Hi all,

A Post Scriptum to my previous mail about the apocryphal story of
Djati-Pengilon falling into water:

Forgot to mention that, although this is by no means ascertained, one other
meteorite from Indonesia/former Dutch East Indies, indeed might have dropped
fragments in sea. It concerns Tjerebon (see Gisolf 1924):

The fireball, brighter than the moon, was seen from a very wide area of
Java. Four sonic booms were heard. Several fragments probably landed in sea,
as the fireball approached from over sea with severe fragmentation obserbed
by several eyewitnesses, while the two recovered non-fitting highly angular
masses were found just a few km from the coast.
The lesser (7.5 kg) fragment impacted at Karangwareng, close to the sugar
factory,  just a few tens of meters from a mr.

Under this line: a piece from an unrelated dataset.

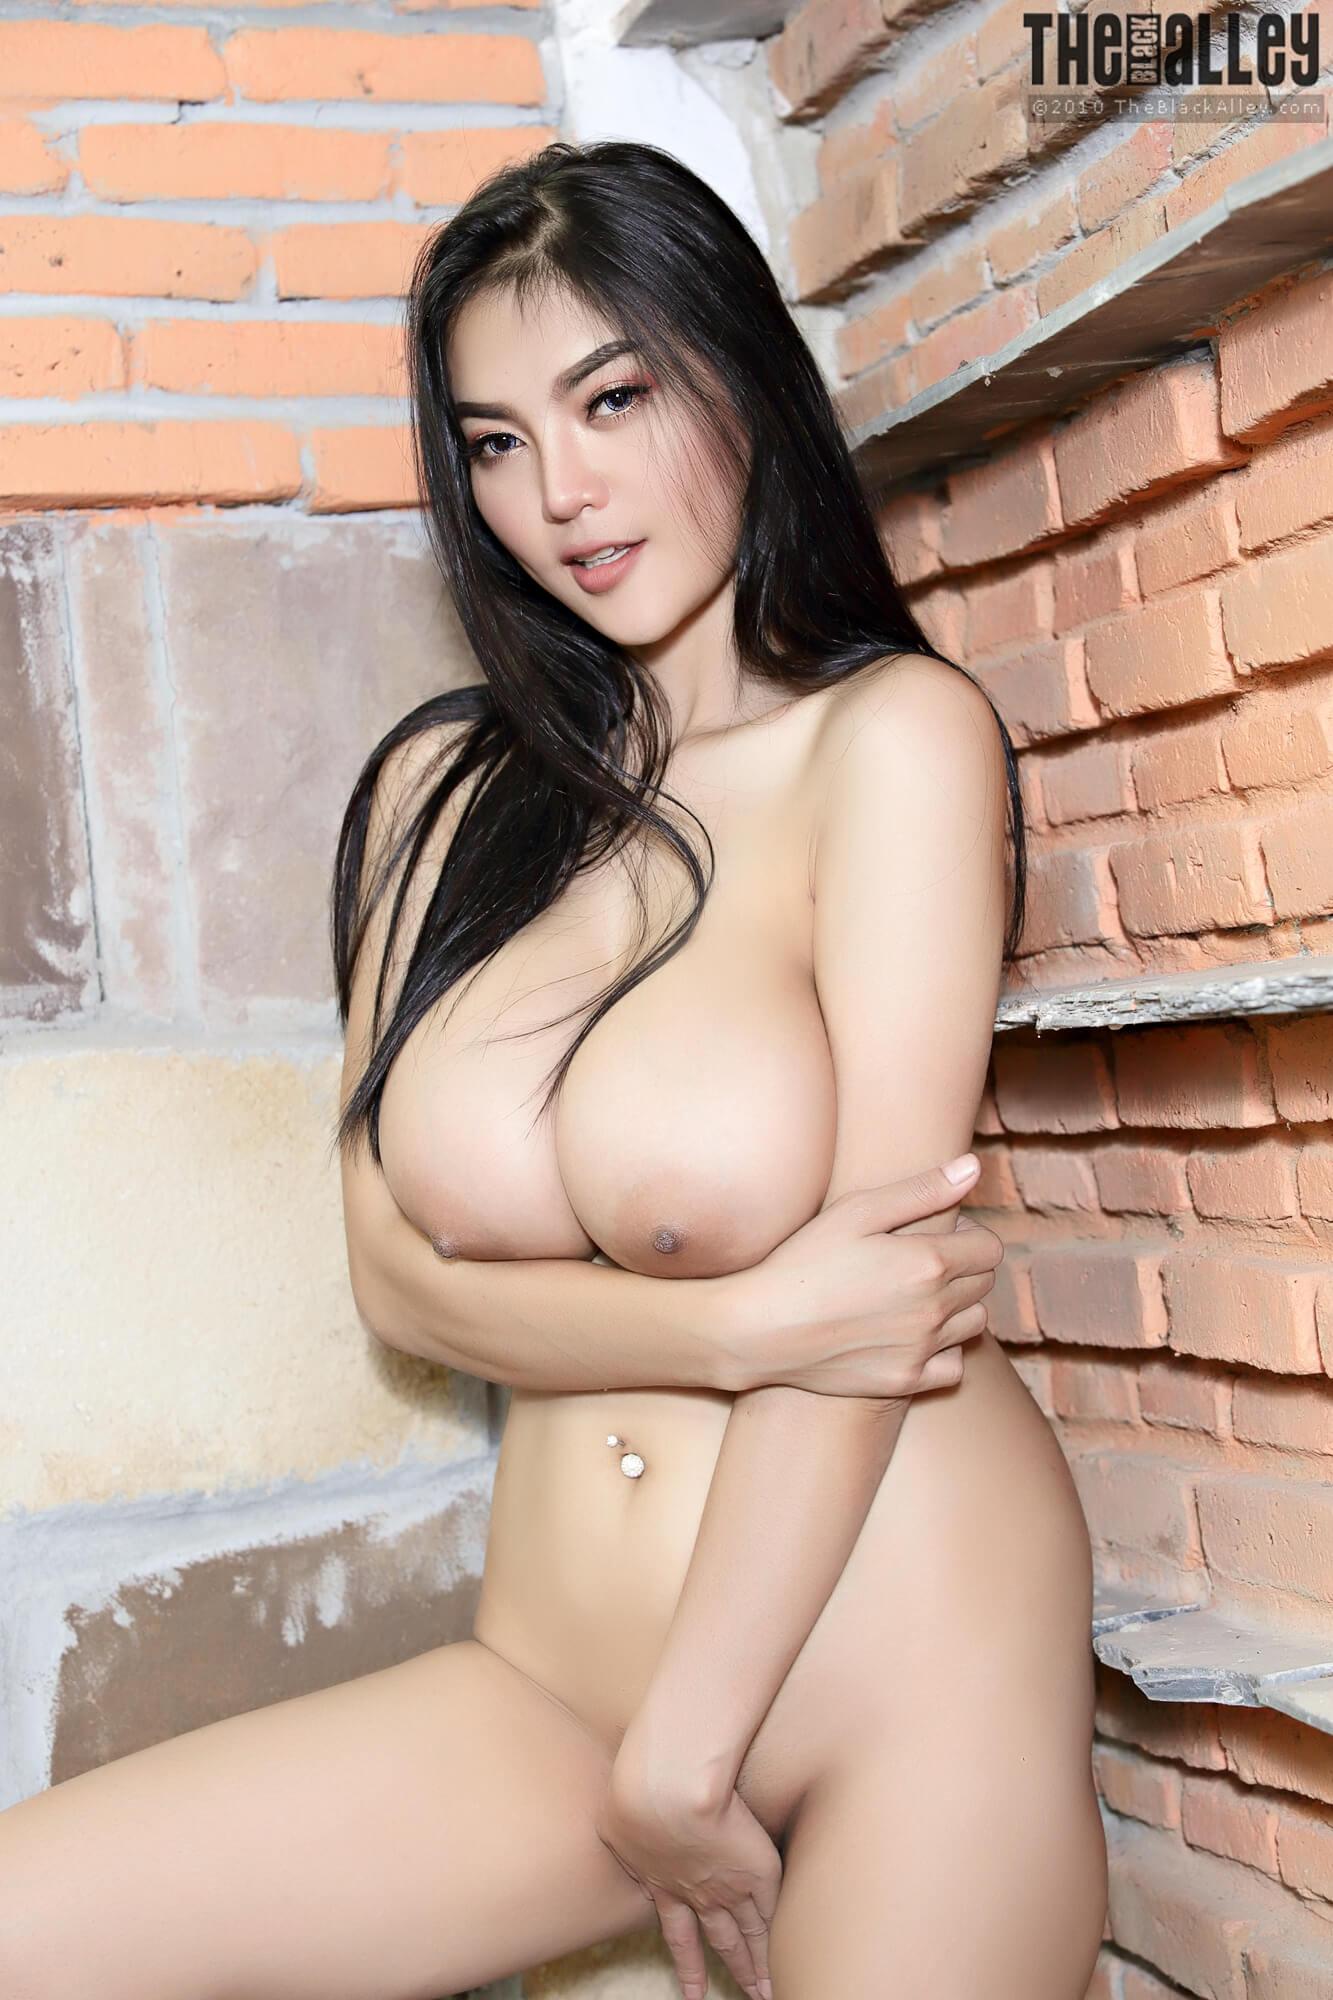 Big plastic boobs

Darsen, who heard the sound
of the approaching meteorite and the impact crash. The stone had hit a
pisang (banana) tree and broken the tree in the middle of its trunk. It made
an impact pit one foot deep and onehalf foot wide. The impact pit of the 8
kg main mass was found 2 days later, on the land of a Mr. Toer, 300 meter
southeast of  the railroad station at Karangsoewoeng and about 0.5 km
northeast of the Karangwareng mass. This impact pit was 64 cm deep.

best wishes,

- Marco

reference: W.F. Gisolf (1924): "De meteoriet van Tjerebon". Jaarboek van het
Mijnwezen in Nederlandsch Oost-Indië vol. 53 (Verhandelingen), p. 168-180.